I moved to Sharm El Sheikh a year ago now. I am relatively happy and settled but as I work primarily from home and I have all the joys and responsibilities that a young child brings - I have found it more difficult to meet people and make friends than I anticipated. I hate to admit it but I have found myself starting the new year feeling a little lonely and homesick.

Does anyone know of any social groups here in Sharm? or networking ? Or any other sensible suggestions please?


----------



## Horus (Sep 17, 2010)

Sunny Lawyer said:


> I moved to Sharm El Sheikh a year ago now. I am relatively happy and settled but as I work primarily from home and I have all the joys and responsibilities that a young child brings - I have found it more difficult to meet people and make friends than I anticipated. I hate to admit it but I have found myself starting the new year feeling a little lonely and homesick.
> 
> Does anyone know of any social groups here in Sharm? or networking ? Or any other sensible suggestions please?

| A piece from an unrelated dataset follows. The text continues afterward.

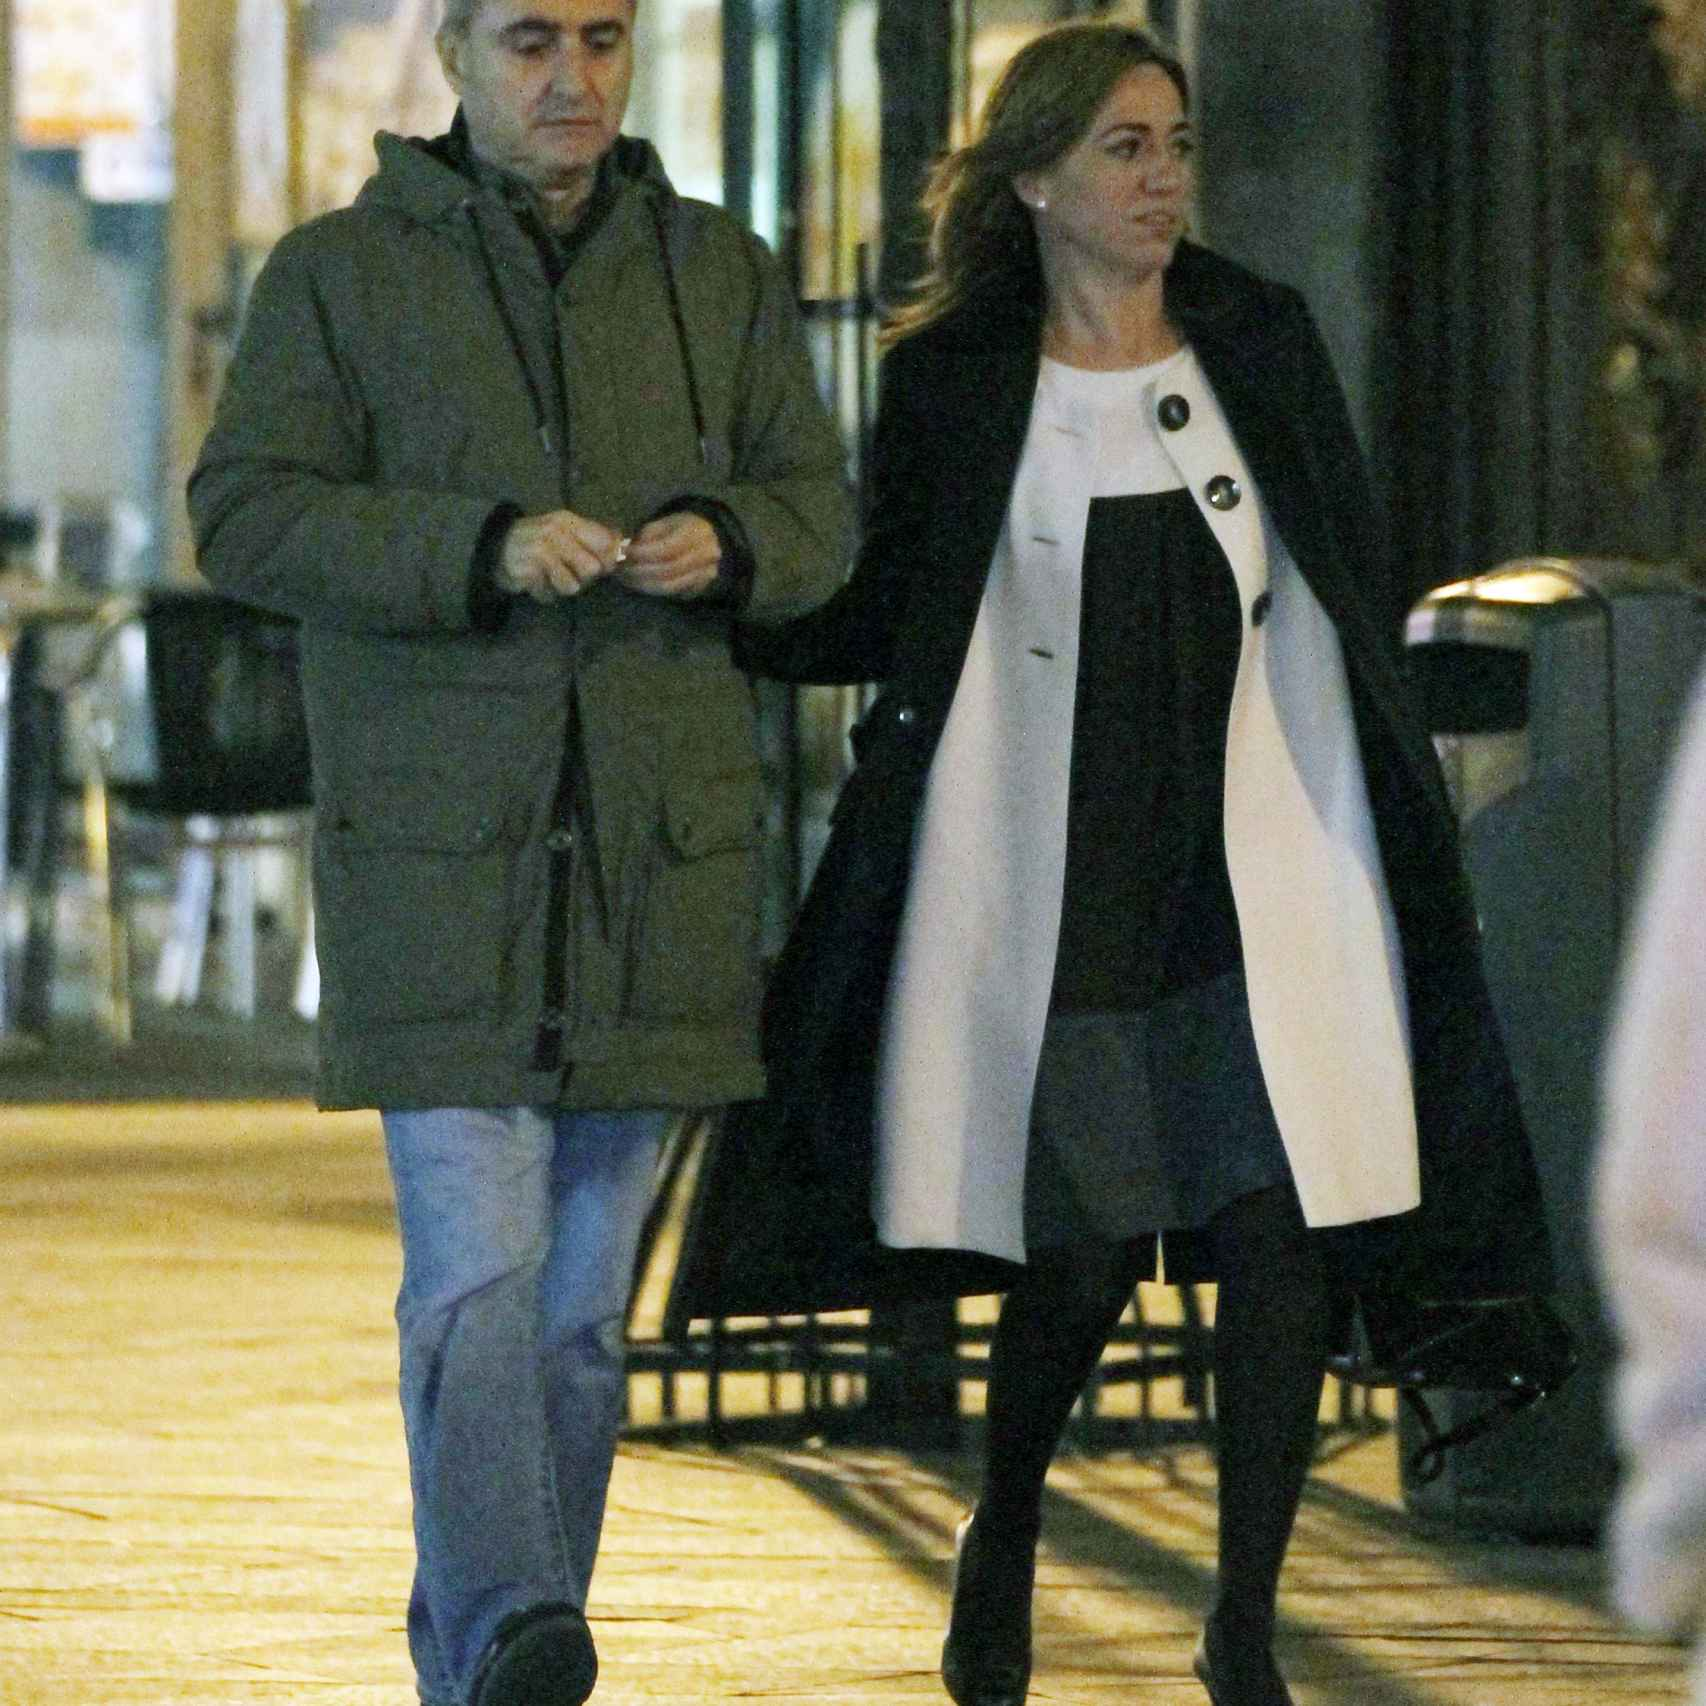 La ex pareja dando un paseo nocturno por las calles de Madrid

I know of a networking website in Sharm I can't post the link here; there are some very nice people on it, there is an elderly lady in her 70's who is very nice and helped me, I will send you the link via PM


----------



## King.Tut (Jan 12, 2011)

Sunny Lawyer,

I moved to Sharm myself just under a year ago and I've yet to hear of any decent social groups or clubs. There is a womens only club but from what I hear it's relatively clicky and not very welcoming which is a shame really although I'm a guy and wouldn't be allowed to join anyhow!

I think living in Sharm can be difficult for those on their own, I'm here on my own and I have just a small number of friends, less than 5 actually! 

I think it also depends on where you are living in Sharm, Nabq is said to be the social hub of expats and where most live. I myself live not far from Naama and there's a few English around here but I've found it hard myself to mingle and meet new people.

I hope you manage to find some nice group or something and if you ever fancy a chat, PM me


----------